What is Assembler? - Miftachul Huda Almaftuchin

What is Assembler?


Almaftuch.in - An assembler program creates object code by translating combinations of mnemonics and syntax for operations and addressing modes into their numerical equivalents. This representation typically includes an operation code ("opcode") as well as other control bits and data. The assembler also calculates constant expressions and resolves symbolic names for memory locations and other entities. The use of symbolic references is a key feature of assemblers, saving tedious calculations and manual address updates after program modifications. Most assemblers also include macro facilities for performing textual substitution – e.g., to generate common short sequences of instructions as inline, instead of called subroutines.
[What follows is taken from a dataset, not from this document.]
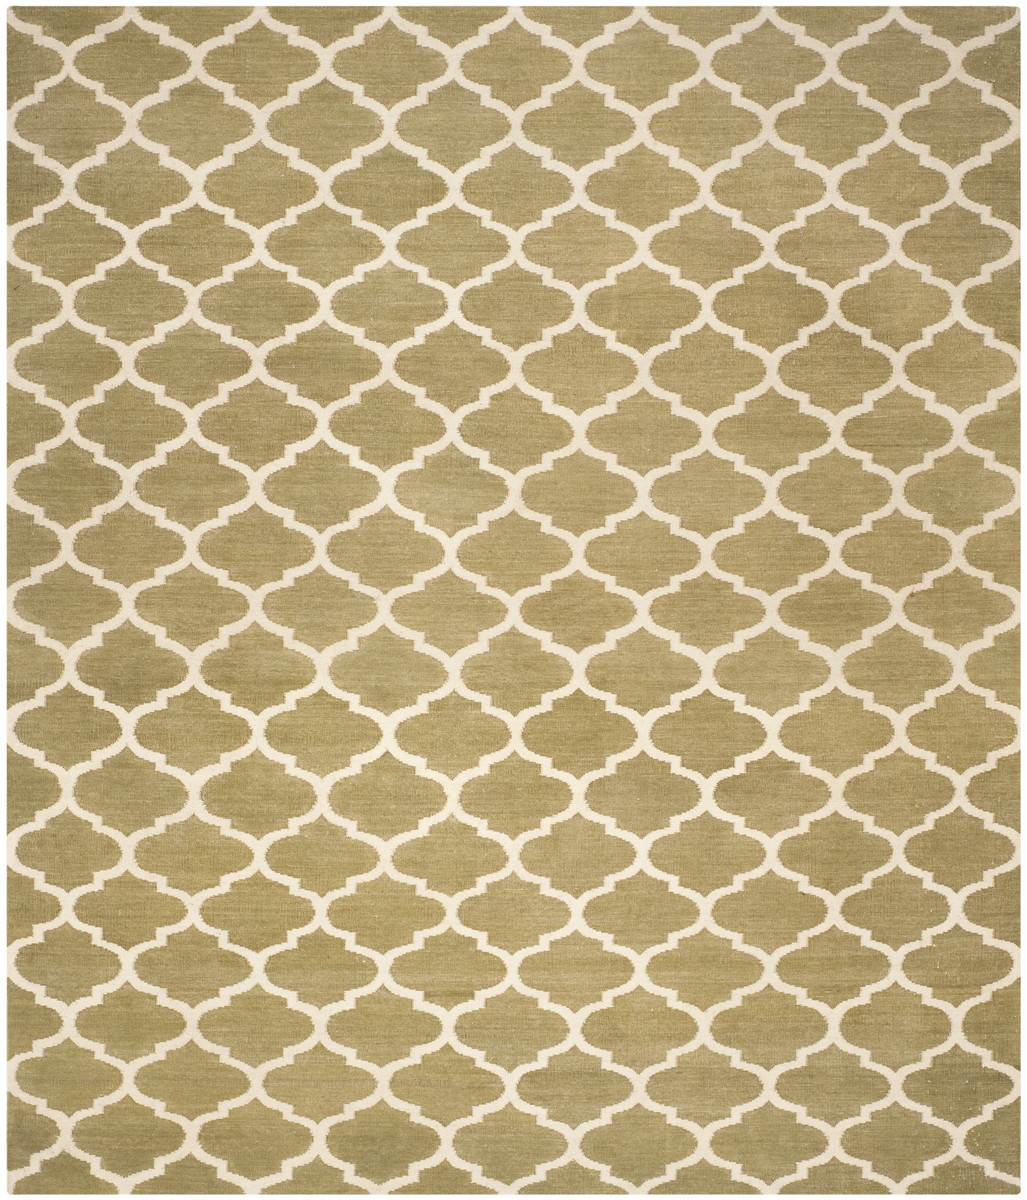 DHU115A-8 Dhurries Hand Woven Flat Weave Rectangle Rug, Green & Ivory - 8 x 10 ft -  Safavieh

Some assemblers may also be able to perform some simple types of instruction set-specific optimizations. One concrete example of this may be the ubiquitous x86 assemblers from various vendors. Most of them are able to perform jump-instruction replacements (long jumps replaced by short or relative jumps) in any number of passes, on request. Others may even do simple rearrangement or insertion of instructions, such as some assemblers for RISC architectures that can help optimize a sensible instruction scheduling to exploit the CPU pipeline as efficiently as possible.[citation needed]

Like early programming languages such as Fortran, Algol, Cobol and Lisp, assemblers have been available since the 1950s and the first generations of text based computer interfaces. However, assemblers came first as they are far simpler to write than compilers for high-level languages. This is because each mnemonic along with the addressing modes and operands of an instruction translates rather directly into the numeric representations of that particular instruction, without much context or analysis. There have also been several classes of translators and semi automatic code generators with properties similar to both assembly and high level languages, with speedcode as perhaps one of the better known examples.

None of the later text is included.